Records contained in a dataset
# # #
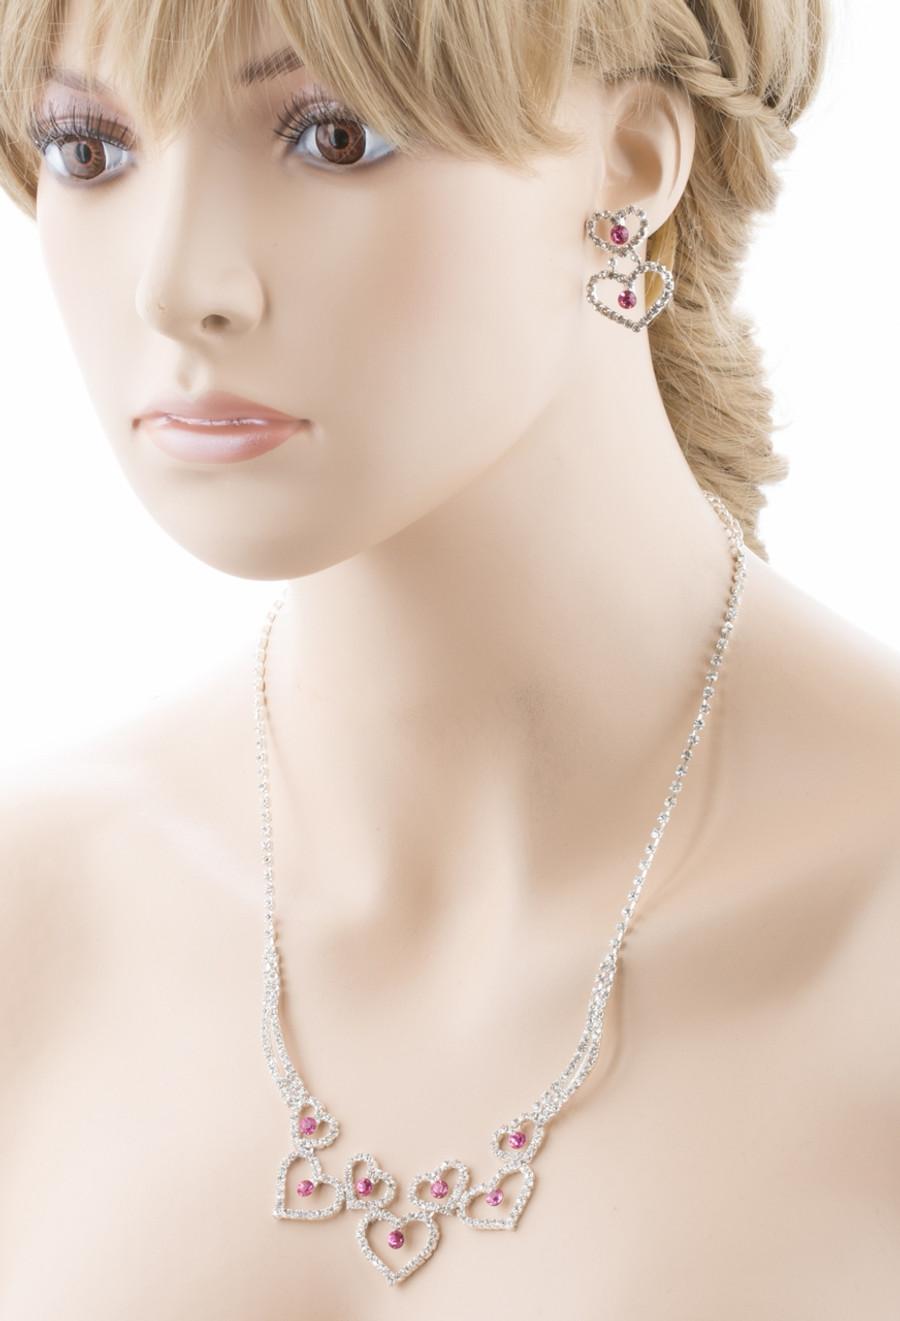 Valentines Jewelry Bridal Wedding Prom Fashion Heart Link Necklace Set J467 Pink
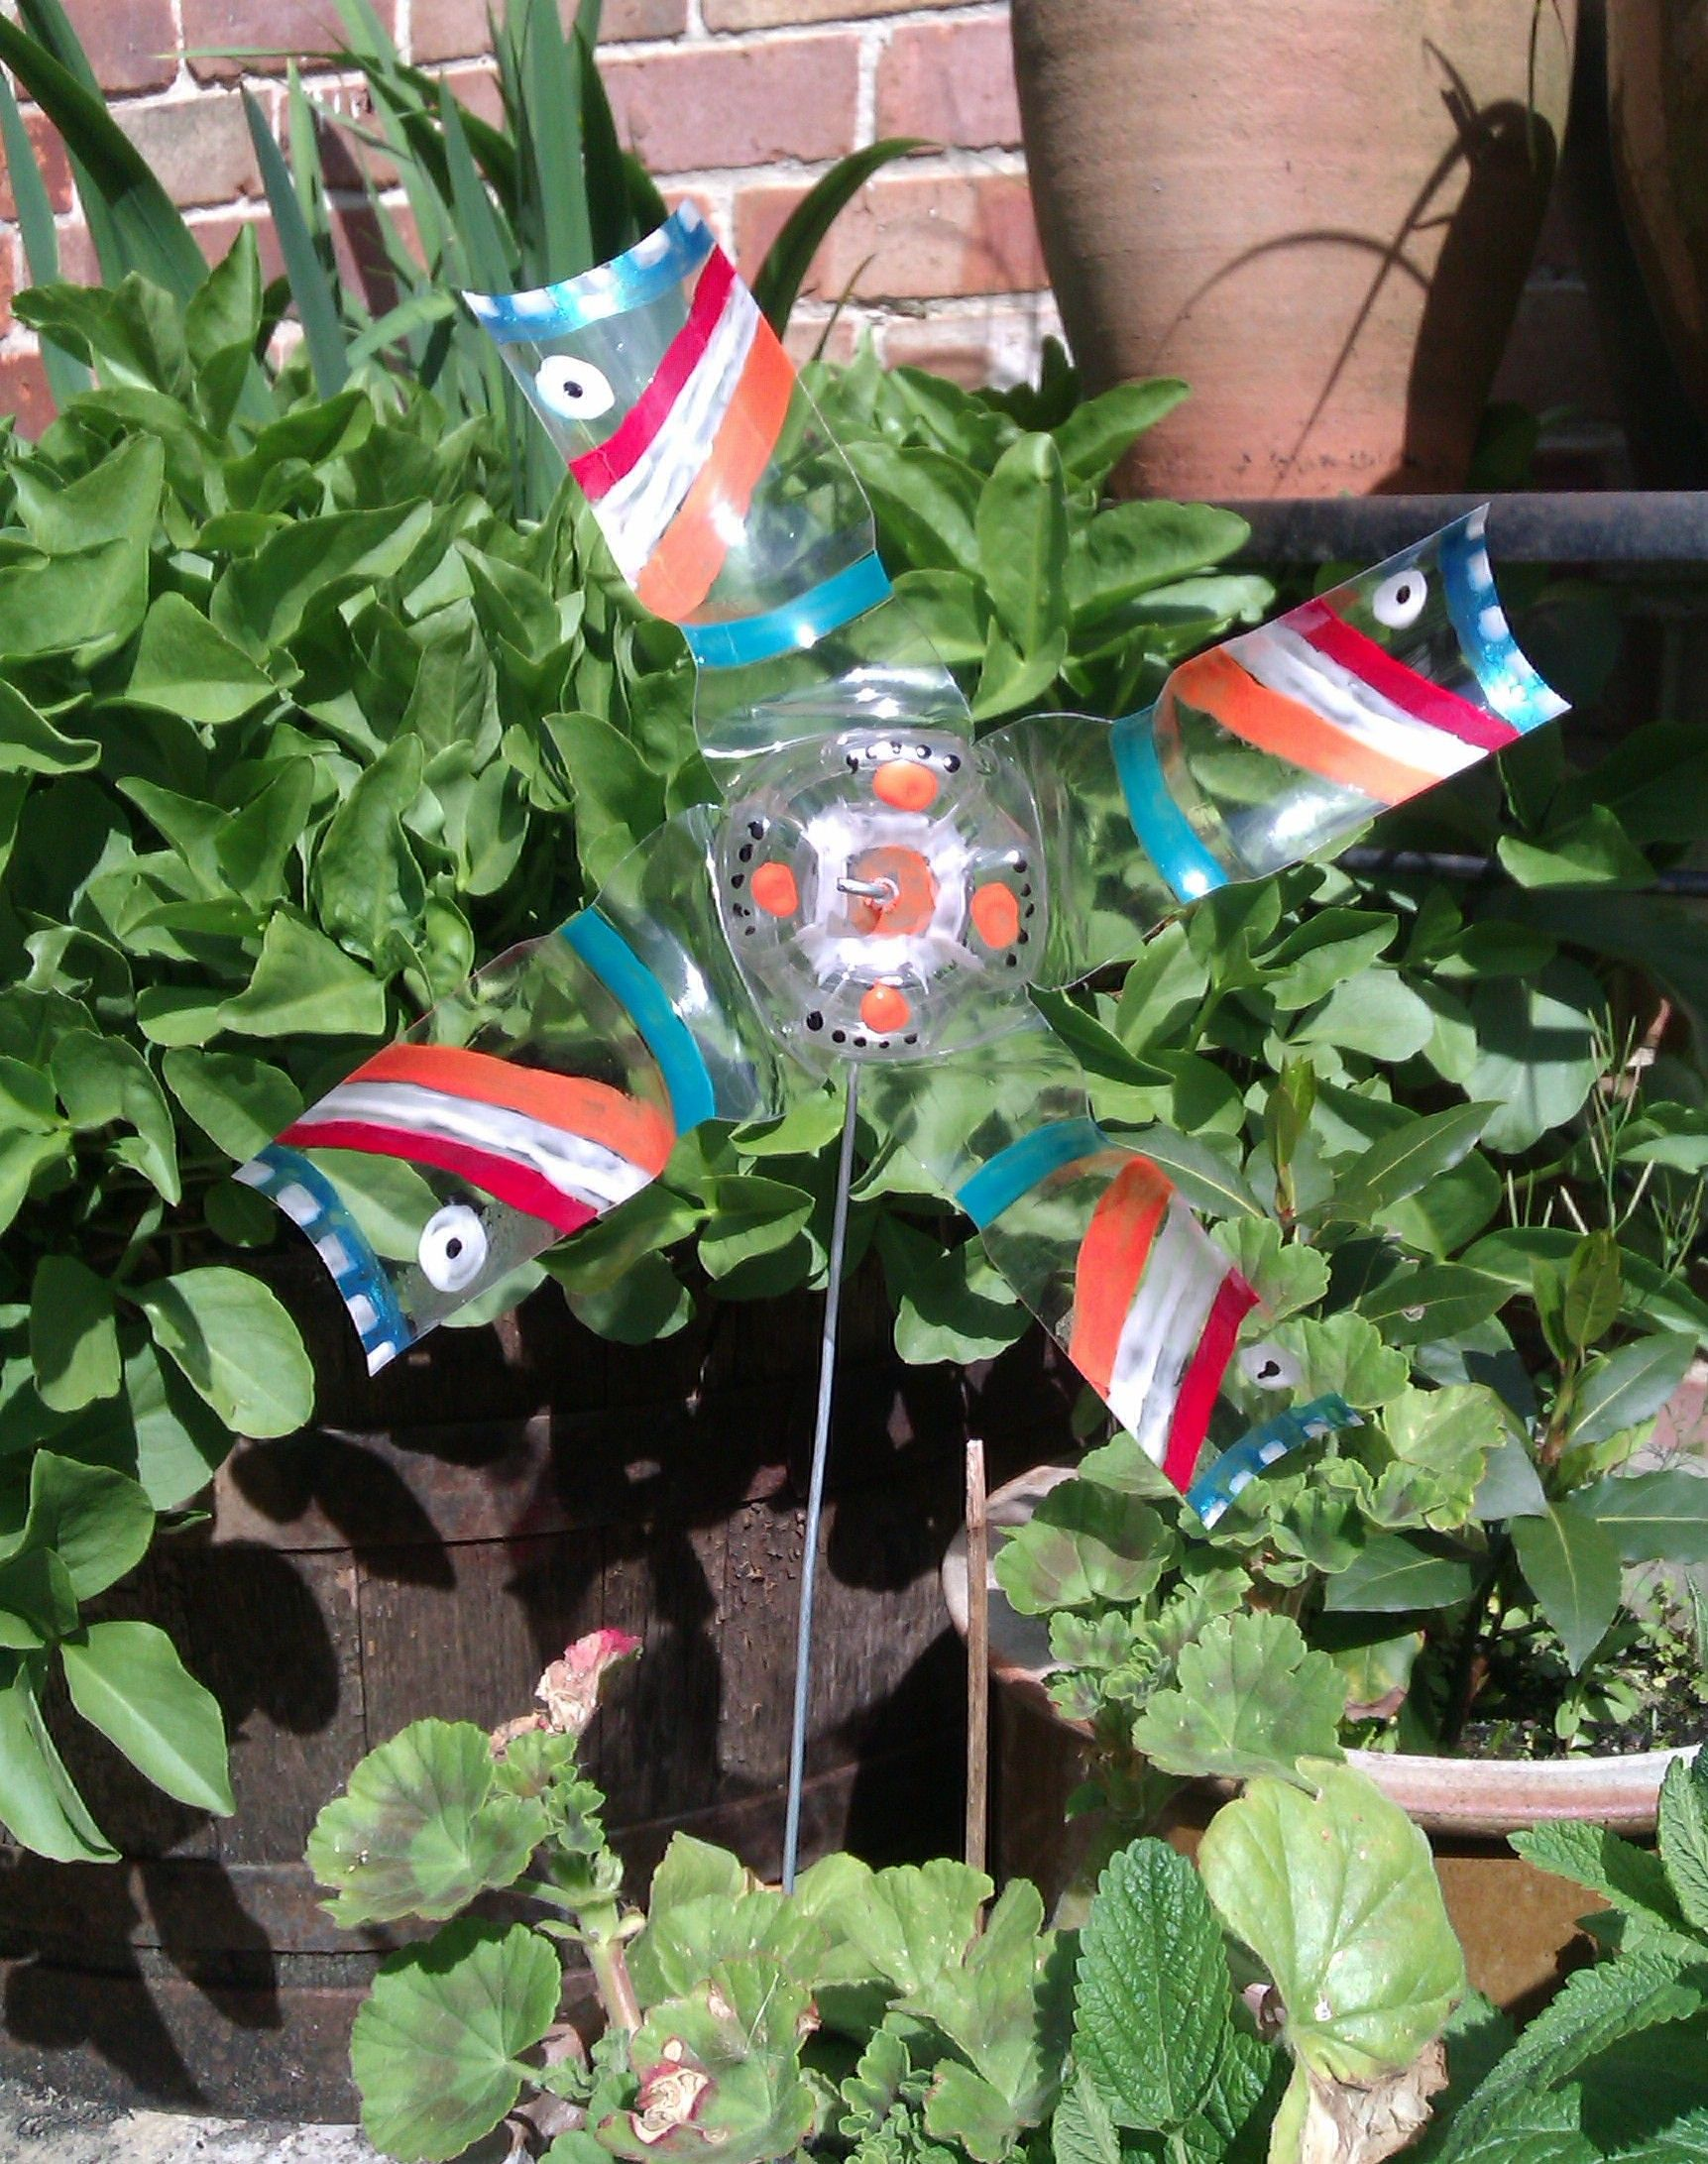 DIY garden windmill from a plastic bottle | Windmill, Plastic ...
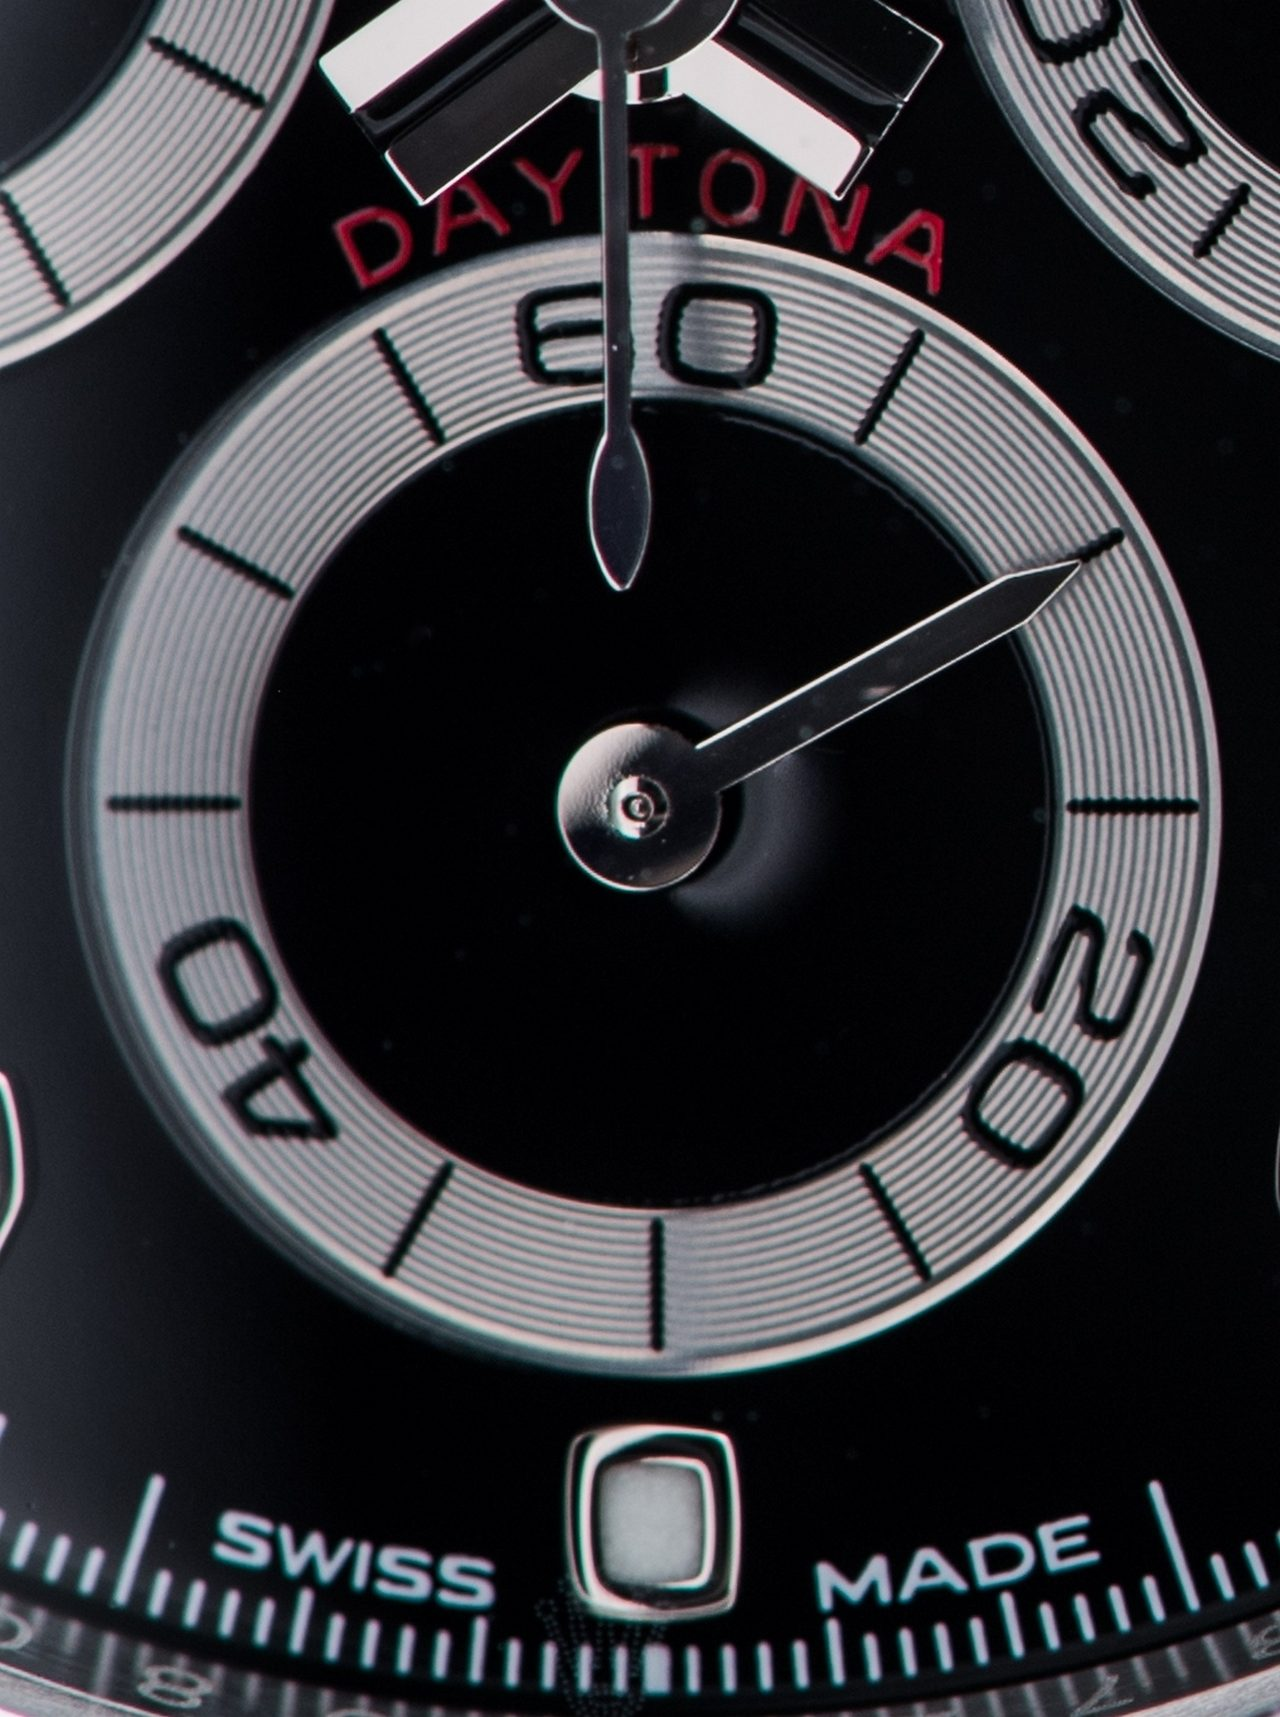 watch-test-rolex-daytona-116500ln-acciaio-con-lunetta-in-cerachrom-nera-prezzo-price_0-10023
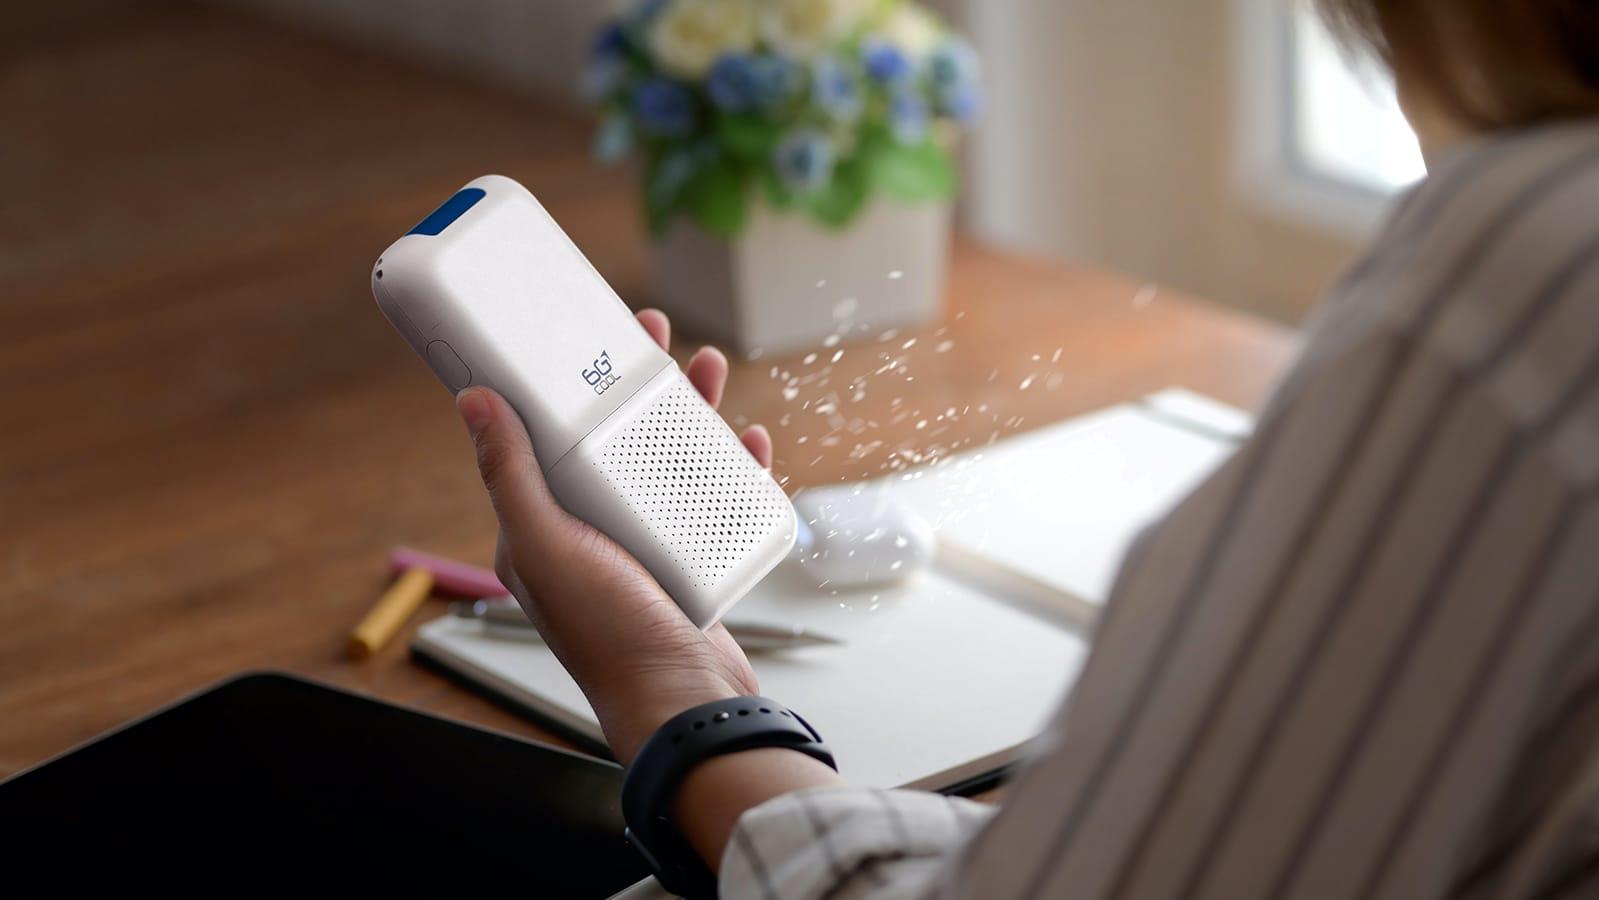 6GCool Tiny High-Tech Air Purifier
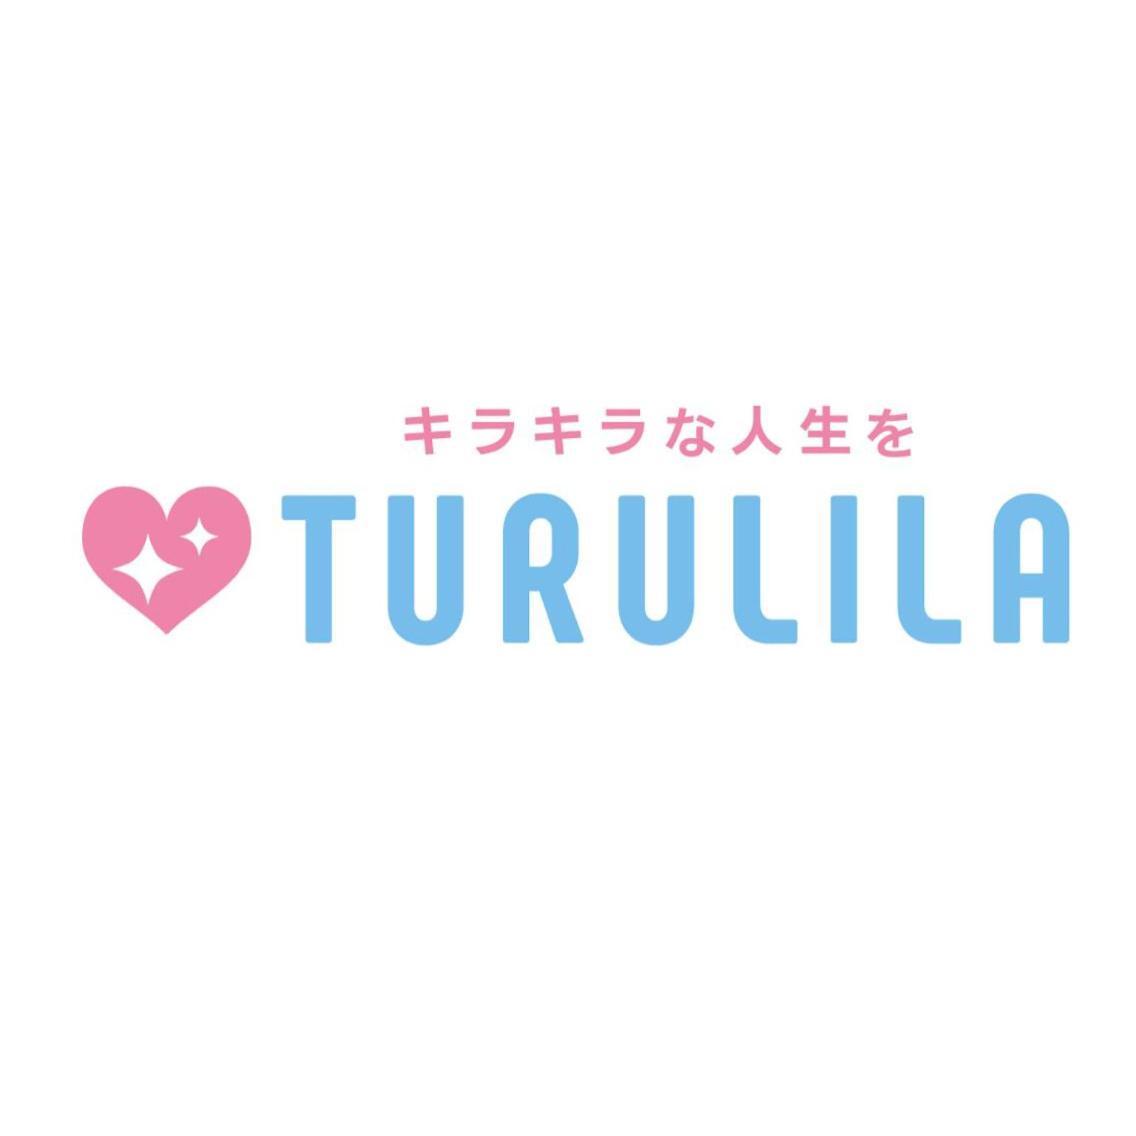 TURULILA博多駅前店所属・TURULILA全身脱毛の掲載
# # #
**Exercise brief**: Go through the entries above and output them exactly, without pictures.

**Answer below**:
 Valentines Jewelry Bridal Wedding Prom Fashion Heart Link Necklace Set J467 Pink
 DIY garden windmill from a plastic bottle | Windmill, Plastic ...
 watch-test-rolex-daytona-116500ln-acciaio-con-lunetta-in-cerachrom-nera-prezzo-price_0-10023
 6GCool Tiny High-Tech Air Purifier
 TURULILA博多駅前店所属・TURULILA全身脱毛の掲載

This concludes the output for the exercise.